#### [TASK DESCRIPTION]
Scan the records below for the line containing "Das Brautpaar ist" and the line containing "Lincoln kitchen by". Copy both, plus every line between, exactly.

### GIVEN INFORMATION ###

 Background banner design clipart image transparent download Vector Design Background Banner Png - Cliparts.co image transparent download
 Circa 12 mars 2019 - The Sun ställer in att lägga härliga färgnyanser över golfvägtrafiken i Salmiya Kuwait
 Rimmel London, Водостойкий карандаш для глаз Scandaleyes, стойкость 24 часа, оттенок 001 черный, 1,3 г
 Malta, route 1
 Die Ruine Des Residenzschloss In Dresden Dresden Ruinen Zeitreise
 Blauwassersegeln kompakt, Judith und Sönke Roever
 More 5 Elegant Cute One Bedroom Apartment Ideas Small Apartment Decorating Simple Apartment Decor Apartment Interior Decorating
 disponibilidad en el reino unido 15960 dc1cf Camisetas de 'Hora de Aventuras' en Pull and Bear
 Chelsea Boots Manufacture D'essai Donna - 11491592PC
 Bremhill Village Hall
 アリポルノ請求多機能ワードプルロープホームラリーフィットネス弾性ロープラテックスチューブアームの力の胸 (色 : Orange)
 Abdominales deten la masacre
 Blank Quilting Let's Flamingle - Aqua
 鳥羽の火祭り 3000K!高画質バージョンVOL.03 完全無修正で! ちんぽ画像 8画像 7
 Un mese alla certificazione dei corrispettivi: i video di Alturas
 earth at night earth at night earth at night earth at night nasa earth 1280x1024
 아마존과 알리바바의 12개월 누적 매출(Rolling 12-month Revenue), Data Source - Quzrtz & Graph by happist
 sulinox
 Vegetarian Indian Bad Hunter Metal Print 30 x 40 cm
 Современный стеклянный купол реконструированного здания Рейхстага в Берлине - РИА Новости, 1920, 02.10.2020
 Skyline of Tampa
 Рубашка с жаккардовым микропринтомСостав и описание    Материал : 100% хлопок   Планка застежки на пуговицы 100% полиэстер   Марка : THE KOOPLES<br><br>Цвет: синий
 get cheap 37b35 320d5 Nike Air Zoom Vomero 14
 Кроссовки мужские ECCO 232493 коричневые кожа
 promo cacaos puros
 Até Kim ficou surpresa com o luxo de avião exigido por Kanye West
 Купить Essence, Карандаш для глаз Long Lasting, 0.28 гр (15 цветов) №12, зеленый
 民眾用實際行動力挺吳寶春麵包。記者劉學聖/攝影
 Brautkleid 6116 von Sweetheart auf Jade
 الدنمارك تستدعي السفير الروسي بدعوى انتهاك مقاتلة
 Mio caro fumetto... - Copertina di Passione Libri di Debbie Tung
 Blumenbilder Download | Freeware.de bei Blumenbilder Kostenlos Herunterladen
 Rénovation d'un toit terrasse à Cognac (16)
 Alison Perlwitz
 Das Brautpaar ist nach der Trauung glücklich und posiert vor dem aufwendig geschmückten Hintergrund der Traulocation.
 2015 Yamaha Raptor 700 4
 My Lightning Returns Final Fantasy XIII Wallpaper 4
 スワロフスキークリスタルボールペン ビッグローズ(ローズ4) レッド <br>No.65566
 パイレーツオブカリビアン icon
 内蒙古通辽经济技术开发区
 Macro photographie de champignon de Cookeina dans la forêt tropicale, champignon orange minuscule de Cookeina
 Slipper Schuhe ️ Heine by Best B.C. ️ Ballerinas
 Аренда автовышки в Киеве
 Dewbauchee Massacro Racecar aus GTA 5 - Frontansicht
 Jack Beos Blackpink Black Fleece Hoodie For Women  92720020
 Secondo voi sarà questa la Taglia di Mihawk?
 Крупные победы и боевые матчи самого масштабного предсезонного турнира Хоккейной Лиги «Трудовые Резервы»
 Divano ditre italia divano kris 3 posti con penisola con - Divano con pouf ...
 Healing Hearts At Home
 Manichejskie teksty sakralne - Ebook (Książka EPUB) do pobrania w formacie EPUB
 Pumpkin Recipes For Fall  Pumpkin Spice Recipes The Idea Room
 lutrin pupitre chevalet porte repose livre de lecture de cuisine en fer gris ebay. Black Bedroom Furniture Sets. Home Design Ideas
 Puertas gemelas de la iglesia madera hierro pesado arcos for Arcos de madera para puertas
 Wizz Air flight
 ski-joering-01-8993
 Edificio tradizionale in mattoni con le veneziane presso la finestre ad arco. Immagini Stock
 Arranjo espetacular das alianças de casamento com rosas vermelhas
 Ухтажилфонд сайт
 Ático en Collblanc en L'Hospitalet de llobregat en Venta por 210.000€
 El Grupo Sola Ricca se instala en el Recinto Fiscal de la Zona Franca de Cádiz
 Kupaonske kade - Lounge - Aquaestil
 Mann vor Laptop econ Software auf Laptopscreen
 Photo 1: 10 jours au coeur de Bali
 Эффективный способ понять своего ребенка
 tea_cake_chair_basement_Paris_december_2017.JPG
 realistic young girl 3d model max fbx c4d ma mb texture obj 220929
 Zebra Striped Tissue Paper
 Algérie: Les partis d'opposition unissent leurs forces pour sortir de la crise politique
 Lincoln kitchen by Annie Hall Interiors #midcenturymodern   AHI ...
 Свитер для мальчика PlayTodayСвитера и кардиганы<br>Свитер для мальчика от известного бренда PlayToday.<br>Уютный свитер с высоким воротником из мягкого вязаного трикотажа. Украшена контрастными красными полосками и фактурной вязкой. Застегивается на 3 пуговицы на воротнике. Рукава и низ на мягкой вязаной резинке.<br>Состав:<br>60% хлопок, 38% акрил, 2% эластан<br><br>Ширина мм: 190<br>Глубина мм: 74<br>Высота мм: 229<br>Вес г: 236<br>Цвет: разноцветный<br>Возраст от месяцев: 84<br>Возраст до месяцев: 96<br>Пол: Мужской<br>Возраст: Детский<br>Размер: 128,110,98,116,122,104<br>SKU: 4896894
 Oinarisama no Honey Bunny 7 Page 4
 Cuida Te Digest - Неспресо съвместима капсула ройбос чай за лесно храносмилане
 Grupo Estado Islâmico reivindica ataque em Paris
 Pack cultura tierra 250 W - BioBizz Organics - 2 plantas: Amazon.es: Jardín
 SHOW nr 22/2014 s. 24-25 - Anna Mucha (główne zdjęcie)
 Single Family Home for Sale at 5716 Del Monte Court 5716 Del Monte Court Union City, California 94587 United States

###

#### [RESPONSE AREA]
 Das Brautpaar ist nach der Trauung glücklich und posiert vor dem aufwendig geschmückten Hintergrund der Traulocation.
 2015 Yamaha Raptor 700 4
 My Lightning Returns Final Fantasy XIII Wallpaper 4
 スワロフスキークリスタルボールペン ビッグローズ(ローズ4) レッド <br>No.65566
 パイレーツオブカリビアン icon
 内蒙古通辽经济技术开发区
 Macro photographie de champignon de Cookeina dans la forêt tropicale, champignon orange minuscule de Cookeina
 Slipper Schuhe ️ Heine by Best B.C. ️ Ballerinas
 Аренда автовышки в Киеве
 Dewbauchee Massacro Racecar aus GTA 5 - Frontansicht
 Jack Beos Blackpink Black Fleece Hoodie For Women  92720020
 Secondo voi sarà questa la Taglia di Mihawk?
 Крупные победы и боевые матчи самого масштабного предсезонного турнира Хоккейной Лиги «Трудовые Резервы»
 Divano ditre italia divano kris 3 posti con penisola con - Divano con pouf ...
 Healing Hearts At Home
 Manichejskie teksty sakralne - Ebook (Książka EPUB) do pobrania w formacie EPUB
 Pumpkin Recipes For Fall  Pumpkin Spice Recipes The Idea Room
 lutrin pupitre chevalet porte repose livre de lecture de cuisine en fer gris ebay. Black Bedroom Furniture Sets. Home Design Ideas
 Puertas gemelas de la iglesia madera hierro pesado arcos for Arcos de madera para puertas
 Wizz Air flight
 ski-joering-01-8993
 Edificio tradizionale in mattoni con le veneziane presso la finestre ad arco. Immagini Stock
 Arranjo espetacular das alianças de casamento com rosas vermelhas
 Ухтажилфонд сайт
 Ático en Collblanc en L'Hospitalet de llobregat en Venta por 210.000€
 El Grupo Sola Ricca se instala en el Recinto Fiscal de la Zona Franca de Cádiz
 Kupaonske kade - Lounge - Aquaestil
 Mann vor Laptop econ Software auf Laptopscreen
 Photo 1: 10 jours au coeur de Bali
 Эффективный способ понять своего ребенка
 tea_cake_chair_basement_Paris_december_2017.JPG
 realistic young girl 3d model max fbx c4d ma mb texture obj 220929
 Zebra Striped Tissue Paper
 Algérie: Les partis d'opposition unissent leurs forces pour sortir de la crise politique
 Lincoln kitchen by Annie Hall Interiors #midcenturymodern   AHI ...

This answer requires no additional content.